Stoners have perfected the art of layering and wear it all year round, not just in winter. They stack vest upon vest and sloppily pull their hoods down low over their faces. Their relaxed style spoils your mood. You wonder if it’s because of the weed? All these questions occupy your mind as you ponder the world, dressed in leather pants and a dirndl. For you, clothing serves as a means to categorize and evaluate people. Anything else is anarchy! Since your neighbors obviously don’t conform to that norm, they must be stoners, according to your assumption.
8. The Connection Between Stoners and Dreadlocks: Stereotype or Reality?
This prejudice is probably as old as the stereotypes about stoners themselves. In your hometown, people with dreadlocks were derogatorily referred to as “hair pigs.” As a young boy, you already enjoyed gossiping and mocking others. It was better that others were targeted and not you. As long as others were mocked because of their hairstyle, you remained unscathed.
So, during your first encounter with your new neighbors, you already knew that they were not averse to hashish. Why else would someone wear dreadlocks if not as a homage to Bob Marley? Since the debate on cultural appropriation, dreadlocks are not as common anymore. Perhaps they have simply gone out of fashion as well. Nevertheless, some stoners persistently cling to their own stereotype of identity. For you, the dreadlocks of your neighbors are a definite indication. They have unconventional hair, so they must be stoners!
9. Joy and Liveliness: The Magic of Positive Mood
It’s one of those weekday evenings again when your neighbors have visitors. You’re sitting alone in your apartment, and suddenly their laughter seeps through the wall to reach you. It’s contagious and escalates into a full-blown fit of laughter. It sounds entertaining. You briefly entertain the thought of trying out smoking weed as well. But you quickly dismiss those thoughts and instead grab a beer from the fridge. As you sit there, sipping on your beer, you continue to hear their joyful laughter, jokes, and lively conversations in the background. But what are they actually laughing about? You wonder if anyone in our world who laughs can still be in their right mind. You come to the conclusion that they must be stoners.

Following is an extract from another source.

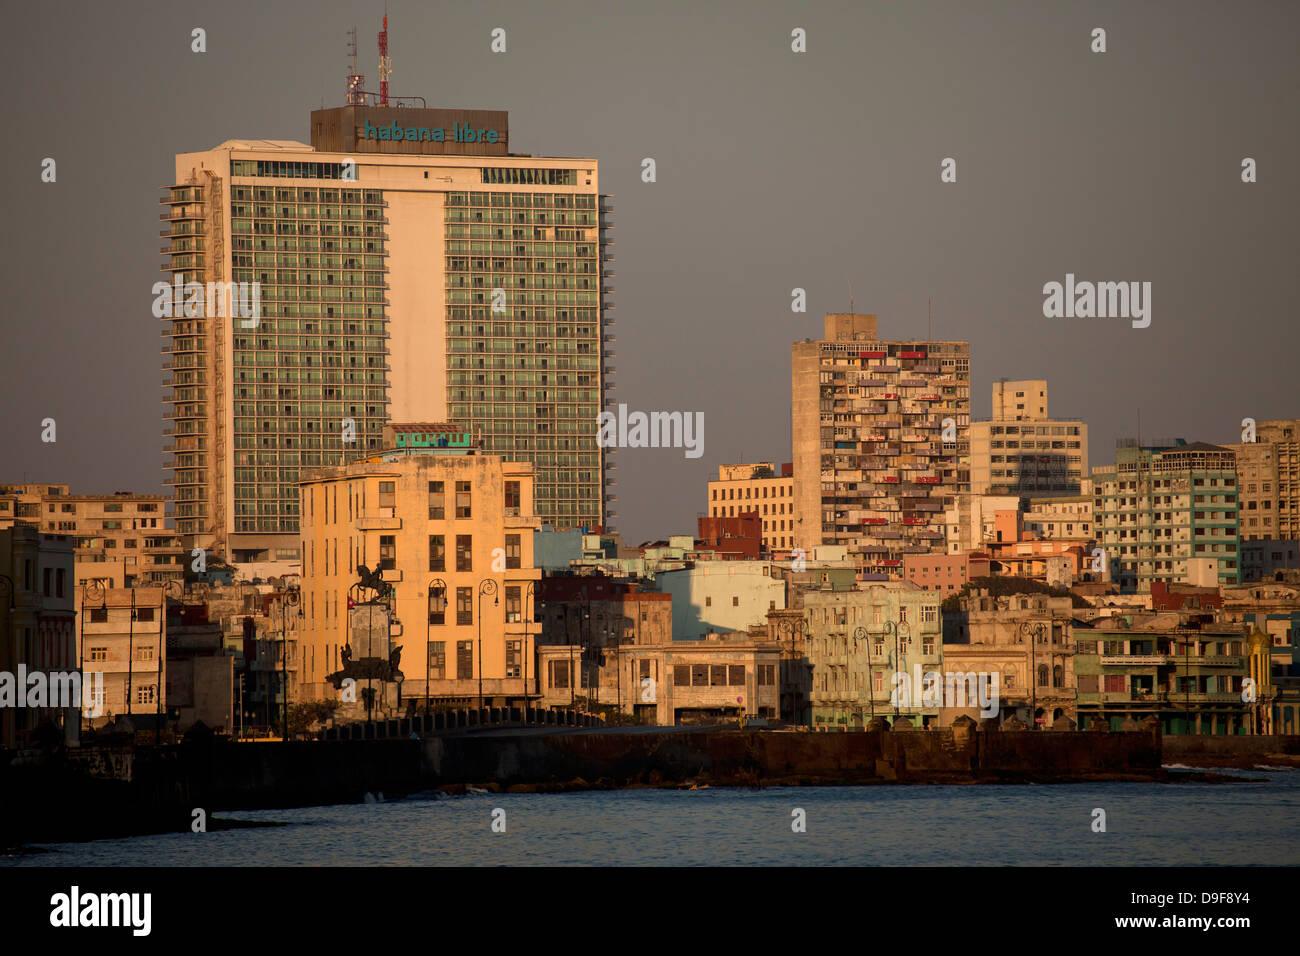 Paysage urbain avec l'hôtel Habana Libre, La Havane, Cuba, Caraïbes Photo Stock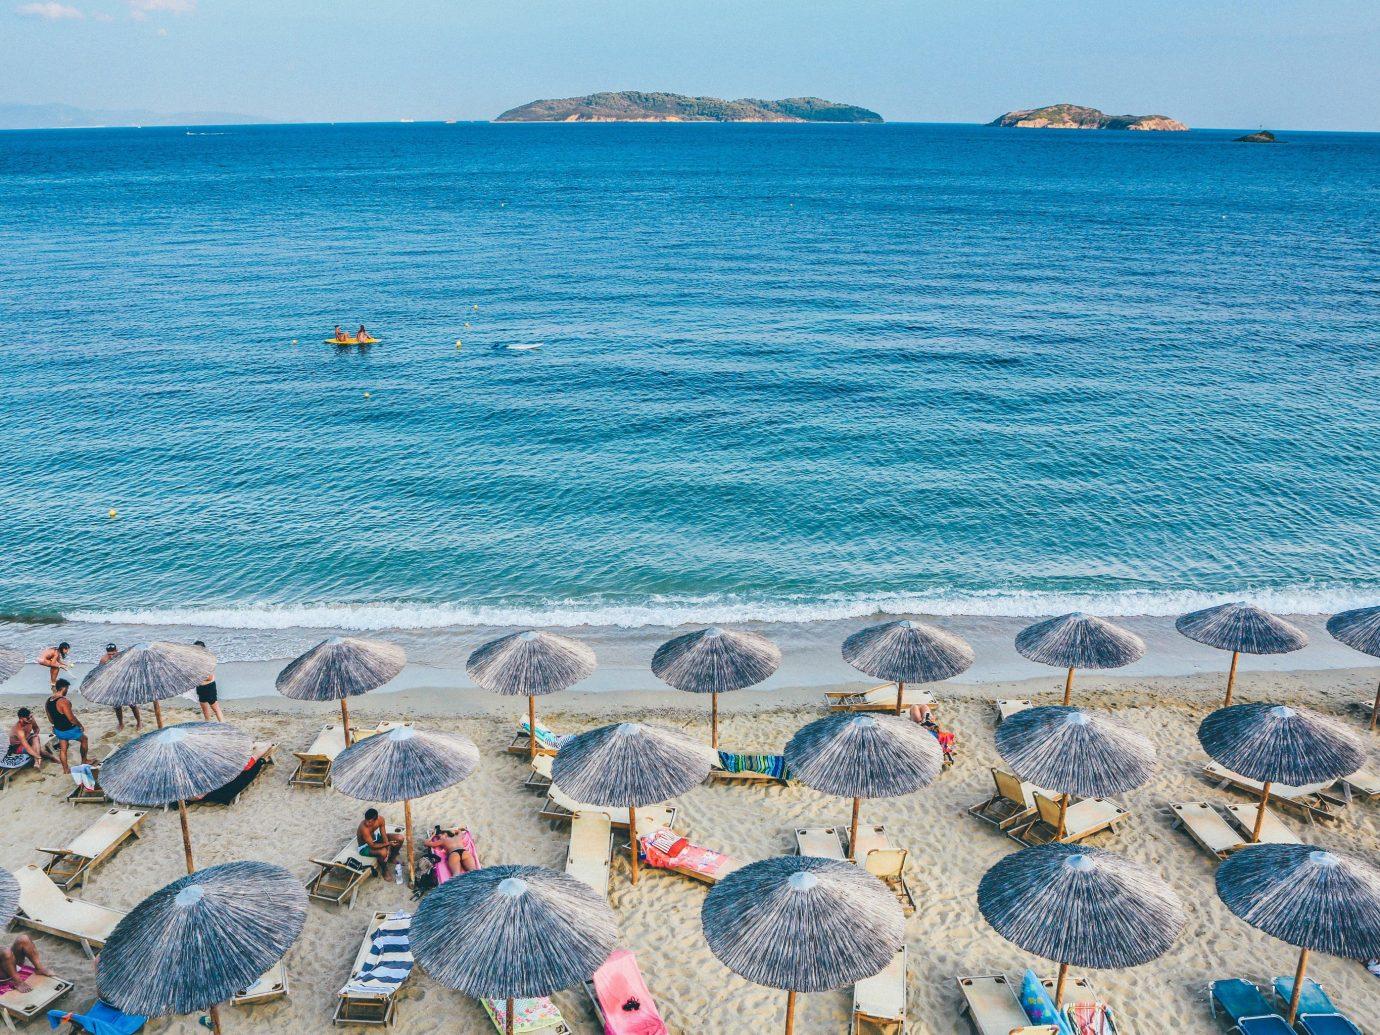 Trip Ideas water sky outdoor Sea shore Beach body of water Ocean vacation Coast cape people bay sand sandy

10. The Preference of Stoners for Stickers: A Colorful Form of Expression
It immediately catches your attention as you leave the house. No wonder, you consider yourself the secret Batman of the residential complex – a vigilant guardian who always keeps a close eye on everything. With keen eyes, you spot a new sticker on your neighbors’ door. To your annoyance, it even carries a message that gets on your nerves: “Save the environment!” it boldly states.
The multitude of environmental stickers and occasional political statements, like the green cannabis leaf, are a source of irritation for you and a clear indication, according to your perspective. In your view, anyone who covers their door with stickers cannot be a decent person. You feel validated in your prejudices. What you suspected from the beginning seems to be proving true: they must be stoners!